I try to get testimonials. I like to put testimonials on my website, not necessarily—we don't have to identify the individual, but sharing this is what happened to an individual and walking them through. This is how it happened. These are unfortunately now.
Instead of having enough money to have a comfortable retirement, they're scratching by now getting a part-time job and they're worrying about being able to pay their bills every month. It's awful.
Yeah, it absolutely is awful. I appreciate the effort that you're putting forth in this space, and I'm excited that so many more people are kind of entering this, “Hey, I want to do something to help protect the public, to give people the tools that they need to protect themselves, protect their families.” I super appreciate you doing that.
If people want to find you online, where can they find you?
Yes, virtually. They can find me virtually. Probably the number one place, the easiest one would be on LinkedIn. If you have LinkedIn, look me up there. There's a lot of information. Don't worry, even if you want to connect with me, I'll definitely do my little due diligence, but it's not a problem.
I'm welcome to connect with individuals, and you can ask me questions and I'll respond, but also you can find me on my website at www.counterintelligence-institute.com.

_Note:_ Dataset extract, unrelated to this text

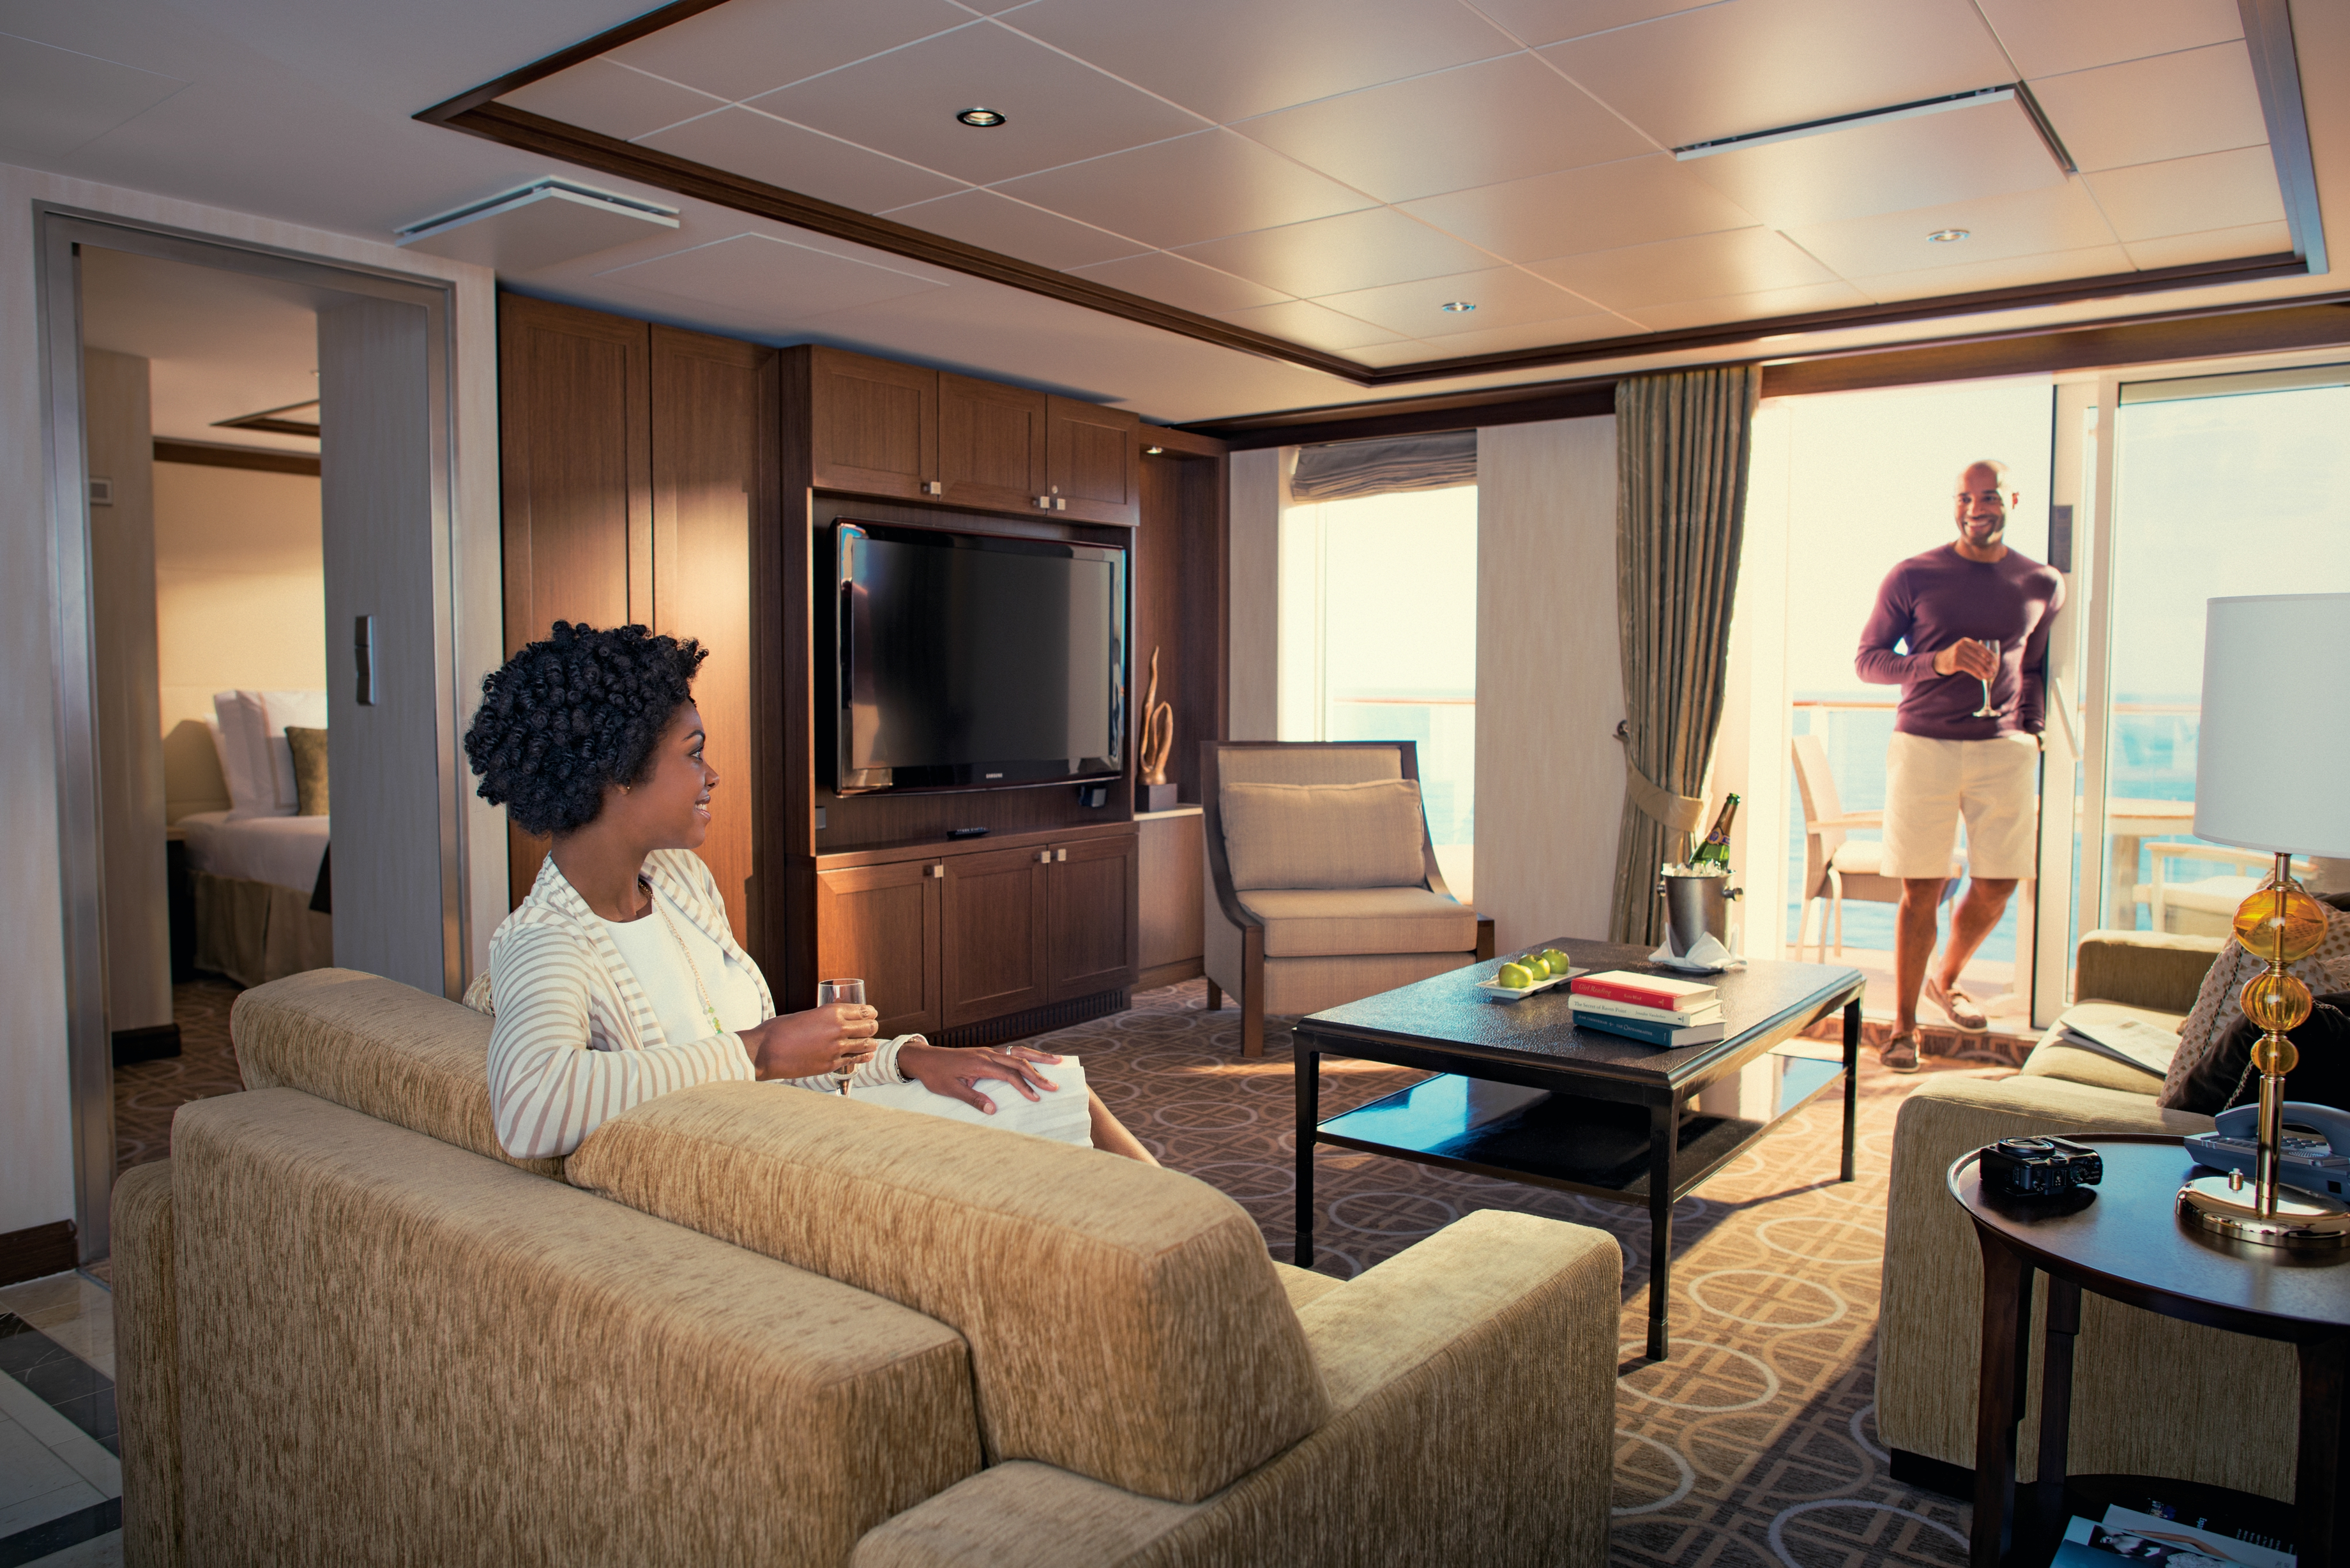 celebrity cruises celebrity equinox royal suite.jpg

Those are the two easiest places to find me. I reside in Orlando, but I'd be happy if individuals are interested in me providing presentations to your organization or your company or association. I'm happy to do that, whether it's in person or virtually, so please reach out if you think I can share something that could be a benefit to you or your organization. I love to do this type of work.
Awesome. Peter, thank you so much for coming on the podcast today.
Thank you very much, Chris. I enjoyed it very much.